"""

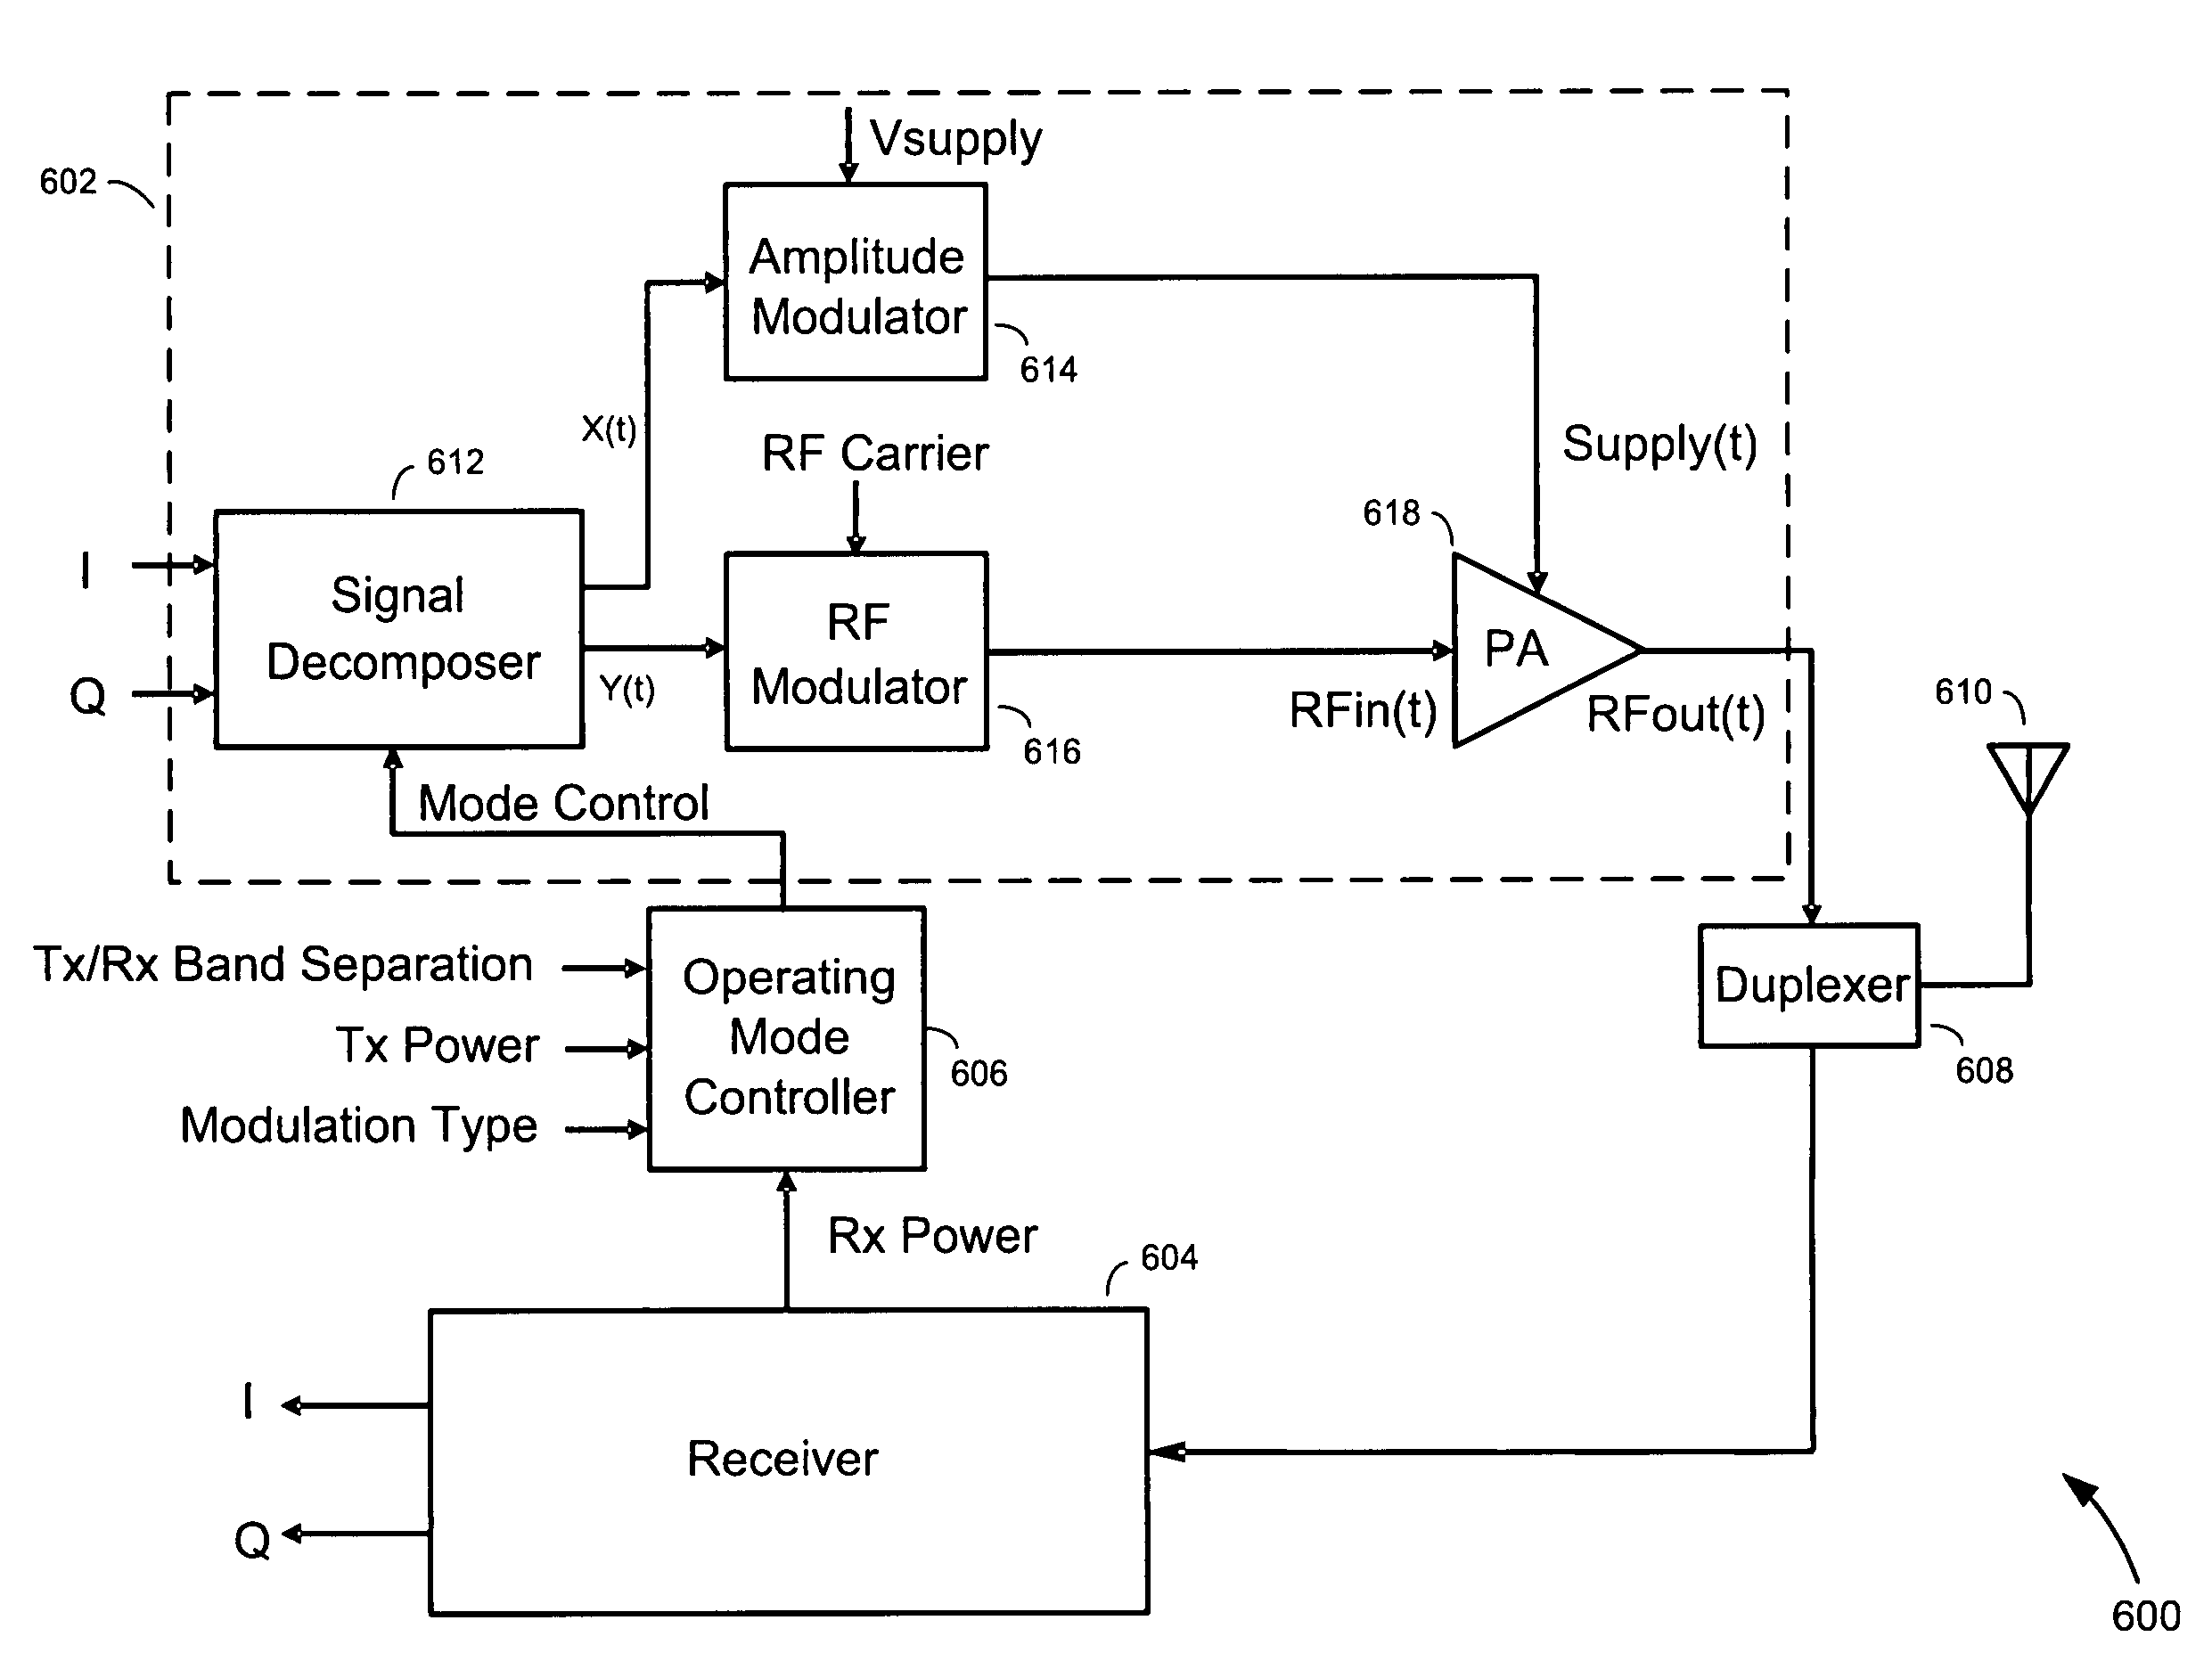 Multi-mode transmitter having adaptive operating mode control
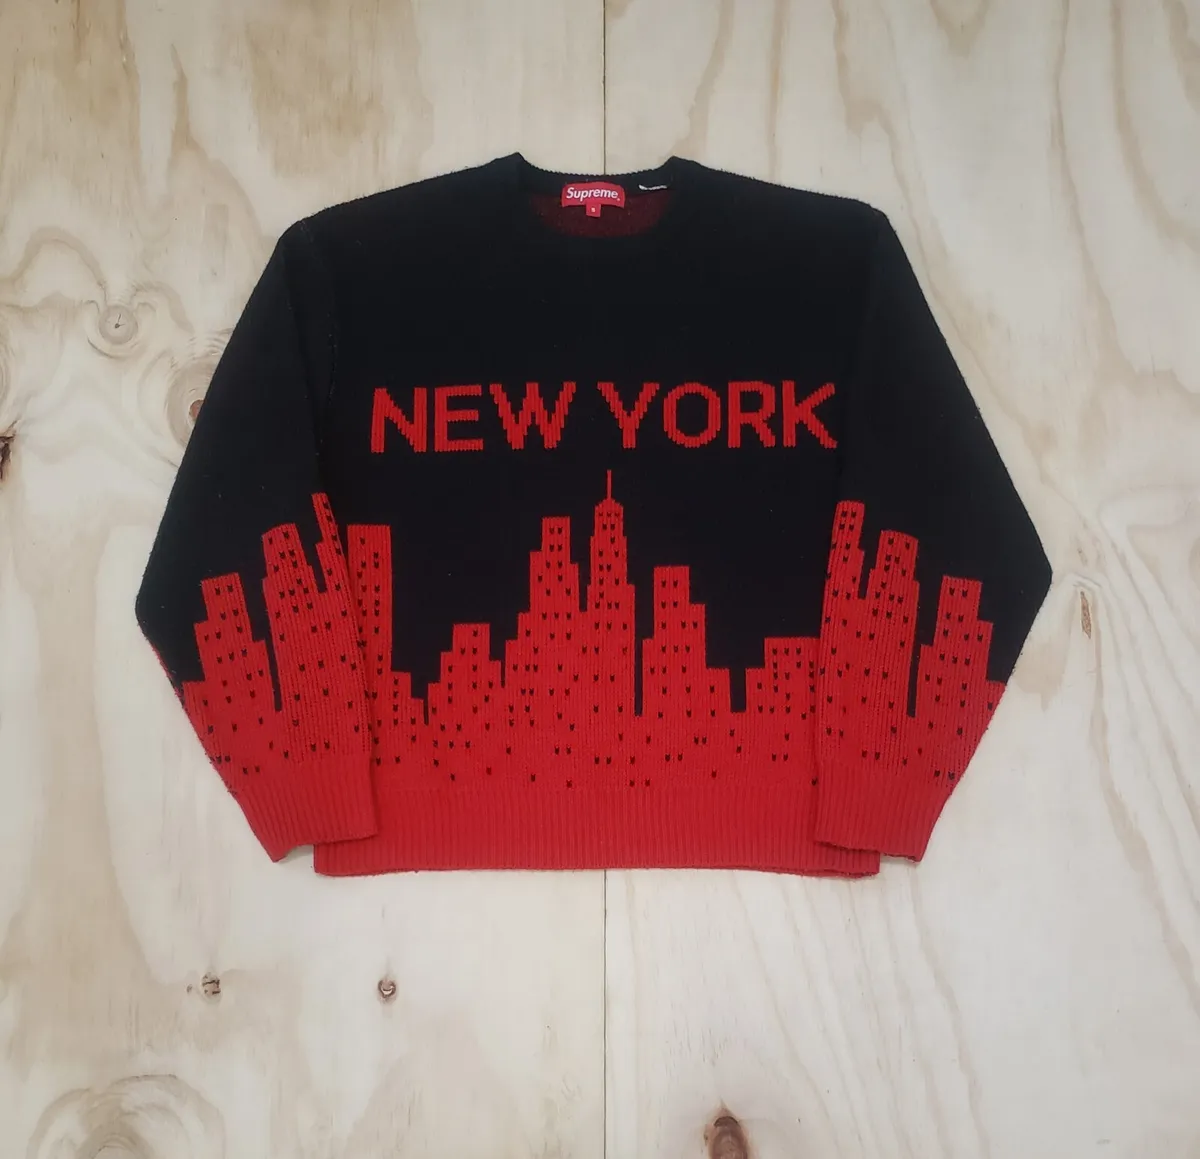 Supreme 23ss blured logo sweater XLサイズ
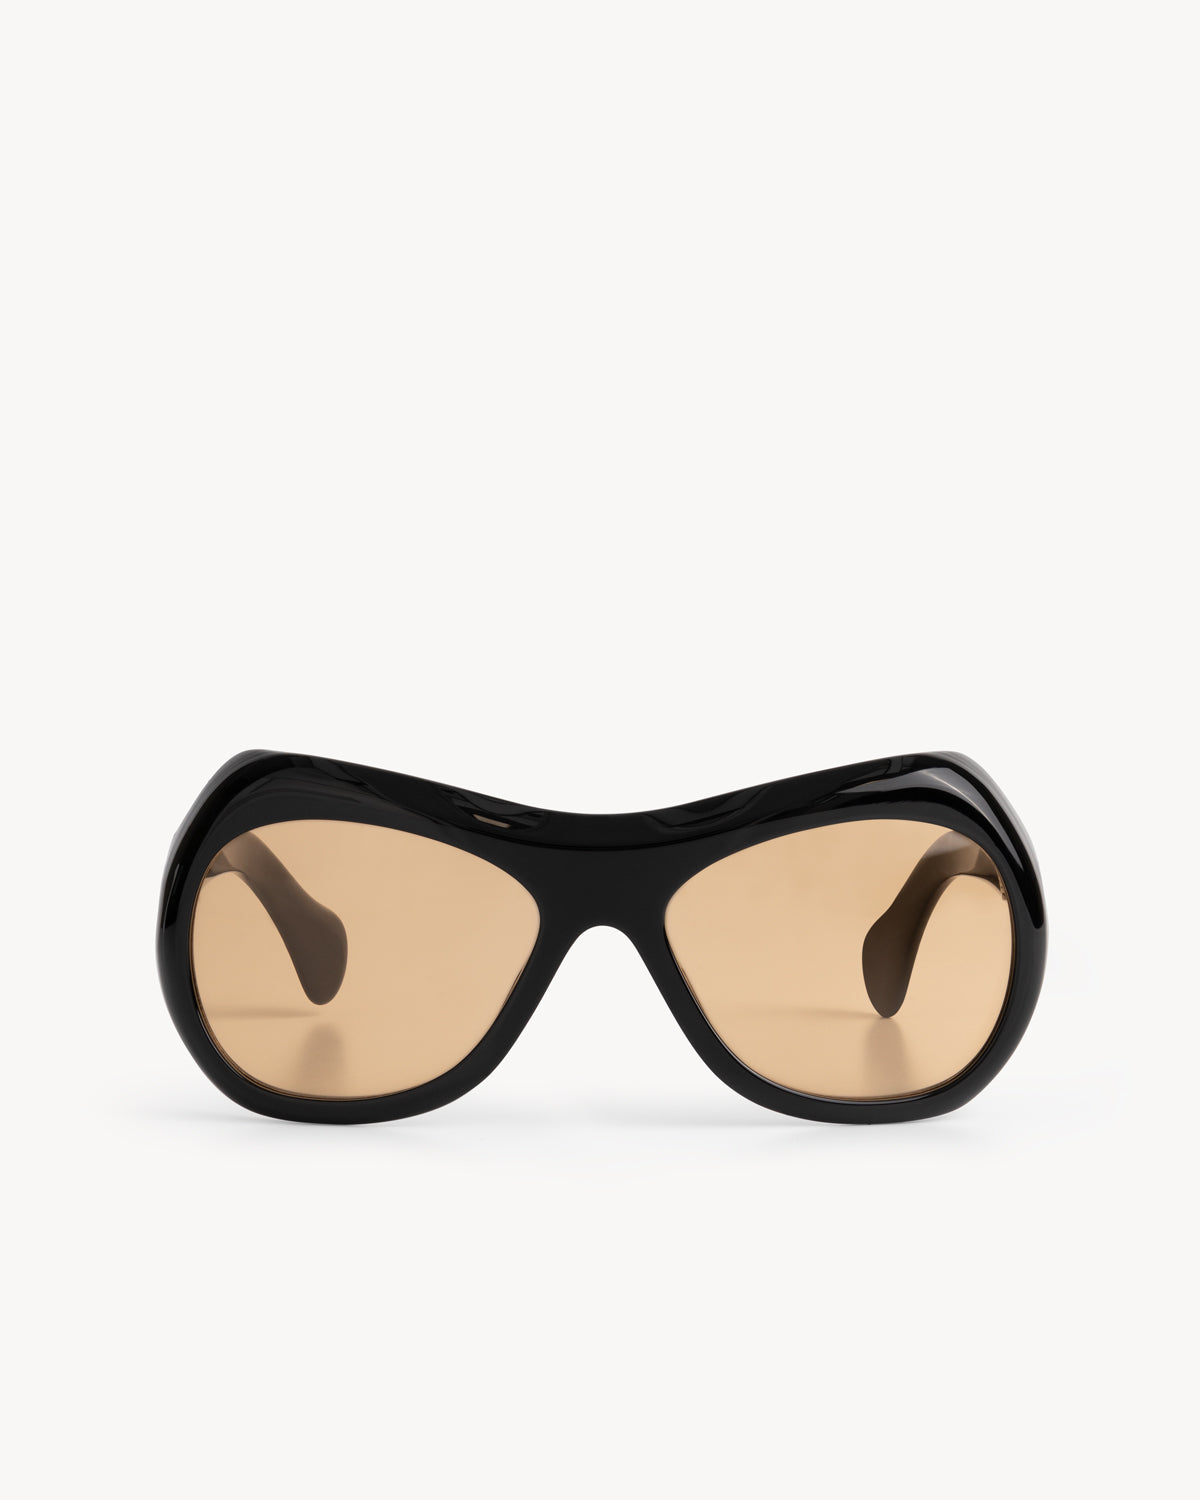 Port Tanger Soledad Sunglasses in Black Acetate and Amber Lenses 1
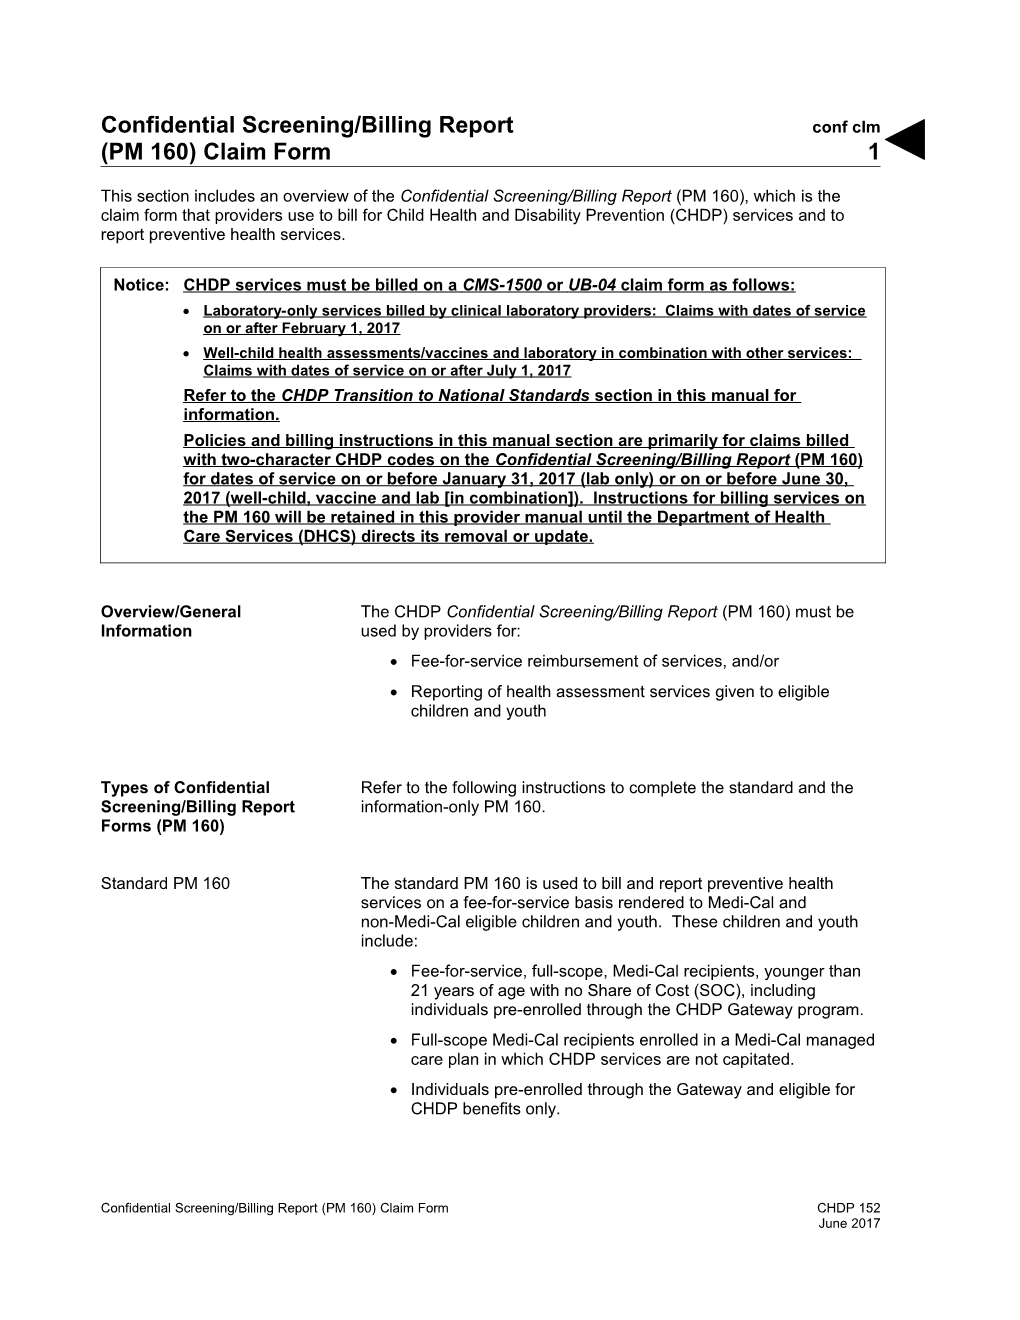 Confidential Screening/Billing Report (PM 160) Claim Form (Conf Clm)

"""

#### Activity
Print verbatim every line above, apart from the pictures.

#### Reply to the task
 Multi-mode transmitter having adaptive operating mode control
 Supreme 23ss blured logo sweater XLサイズ
 Port Tanger Soledad Sunglasses in Black Acetate and Amber Lenses 1
 Confidential Screening/Billing Report (PM 160) Claim Form (Conf Clm)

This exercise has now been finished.